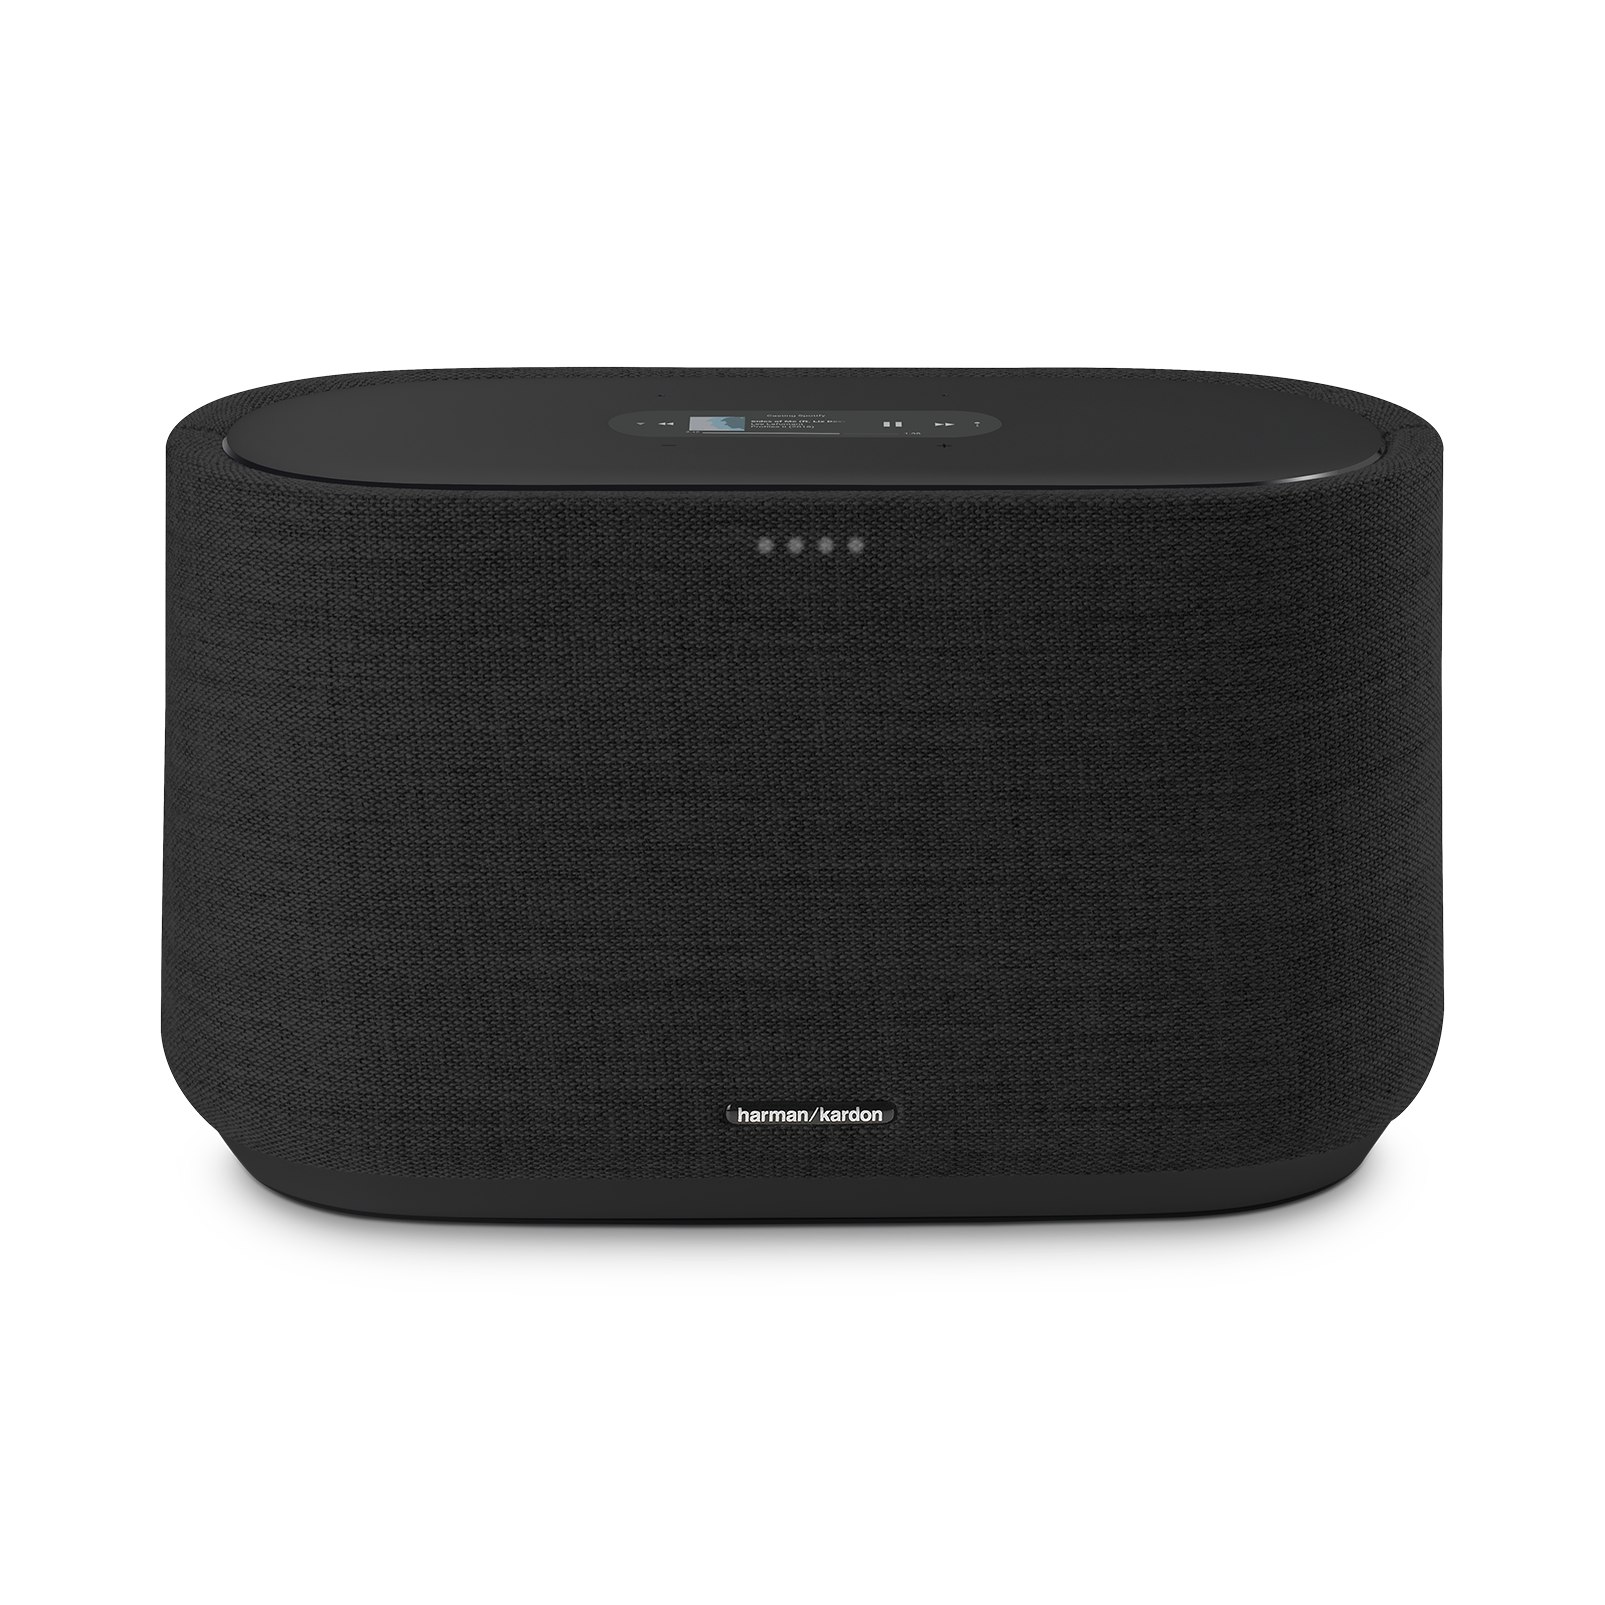 Harman Kardon Citation 300 - Black - The medium-size smart home speaker with award winning design - Front
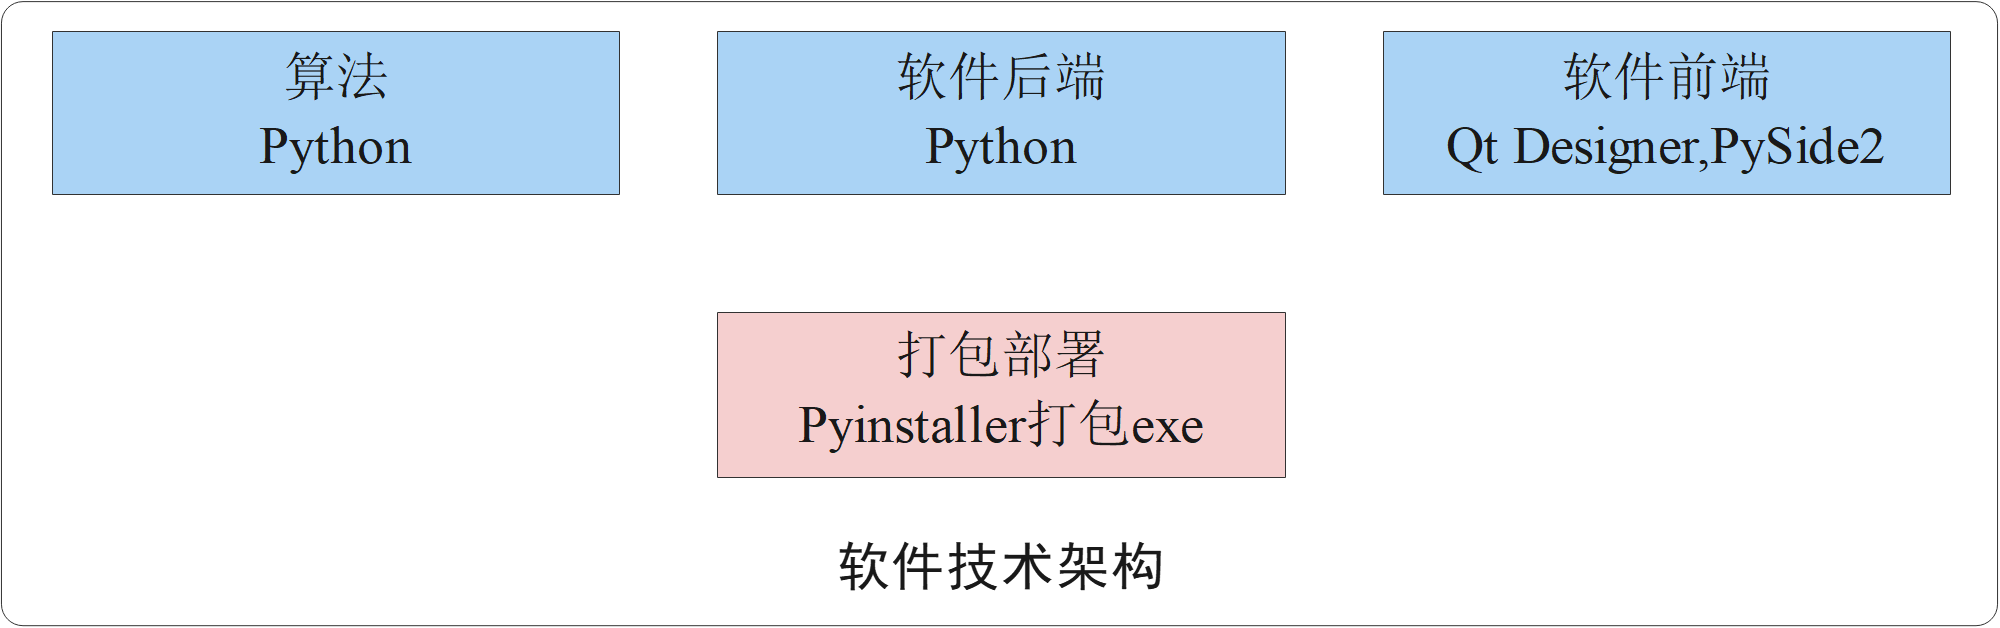 Python模型怎么封装和部署
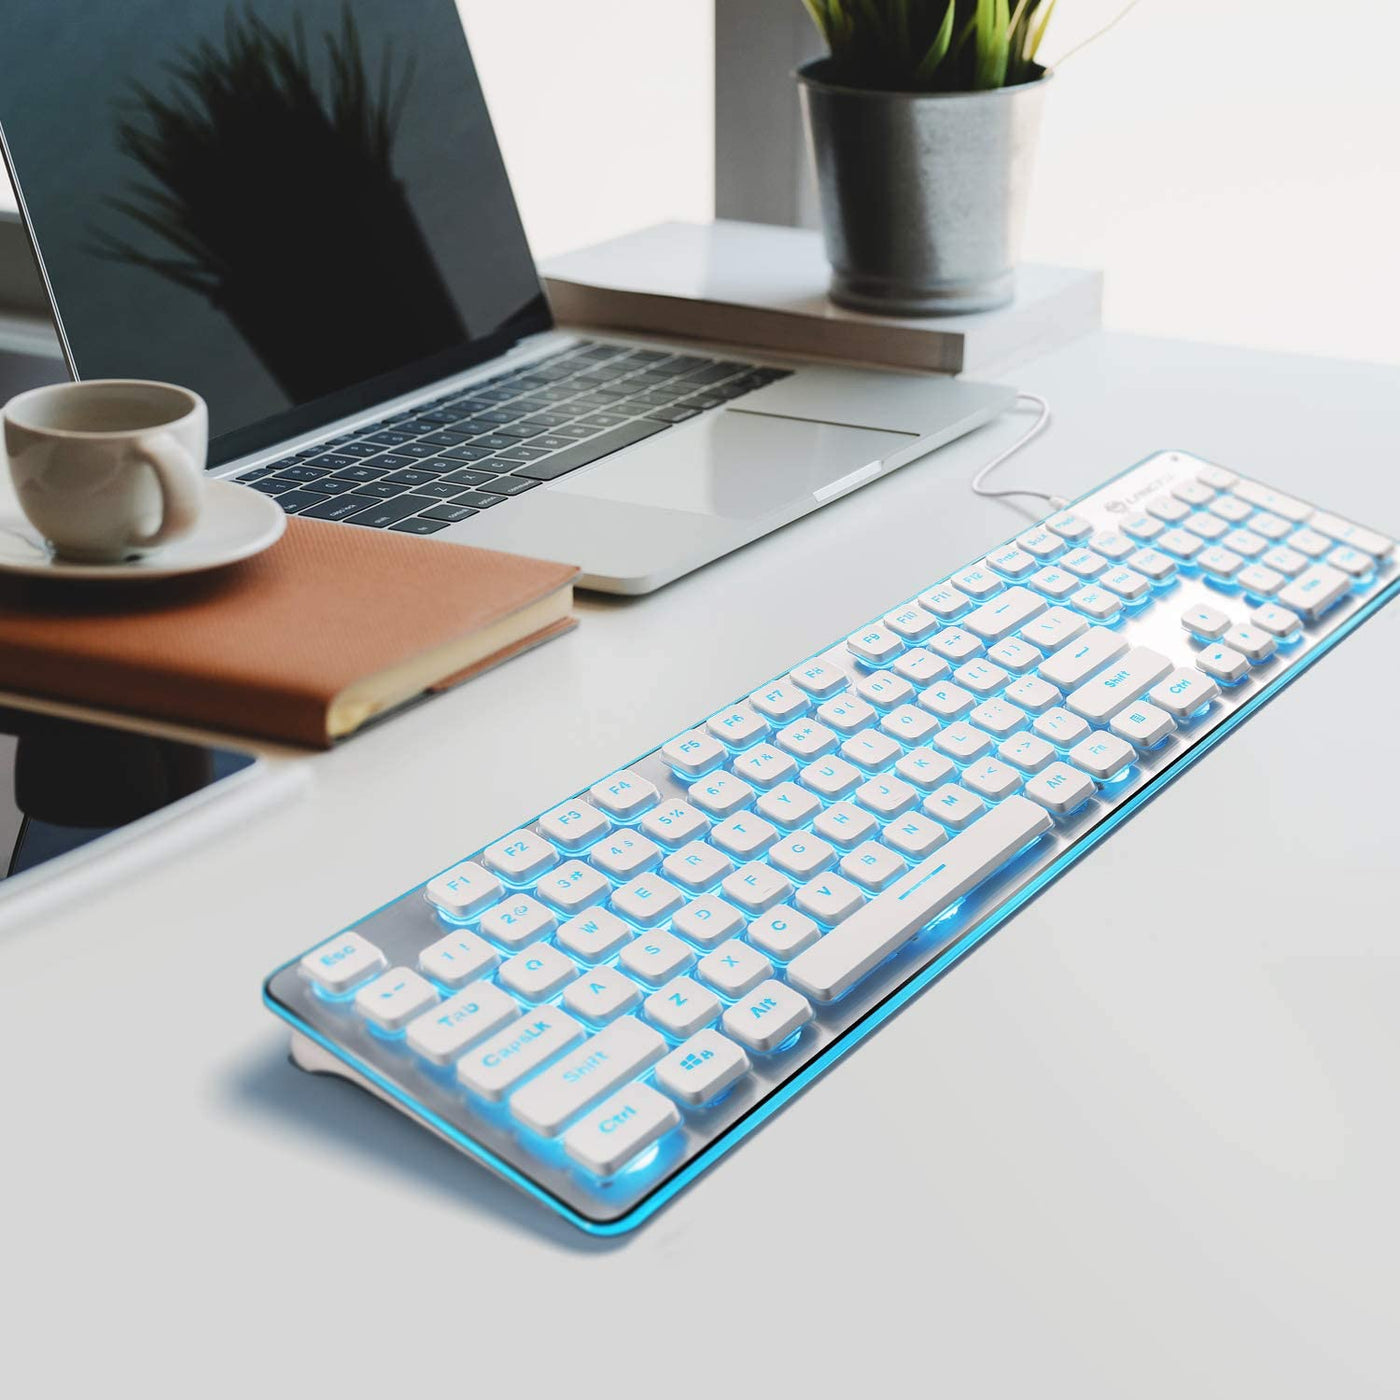 LANGTU L1 Ice Blue Backlit All Metal Panel 104-Key Anti-Ghosting Membrane Keyboard White/Silver - LANGTU Store

══════════════════════════════

**Exercise details**
Give the data again exactly as written, with no pictures included.

**Problem solution**
 Harman Kardon Citation 300 - Black - The medium-size smart home speaker with award winning design - Front
 Python模型怎么封装和部署
 LANGTU L1 Ice Blue Backlit All Metal Panel 104-Key Anti-Ghosting Membrane Keyboard White/Silver - LANGTU Store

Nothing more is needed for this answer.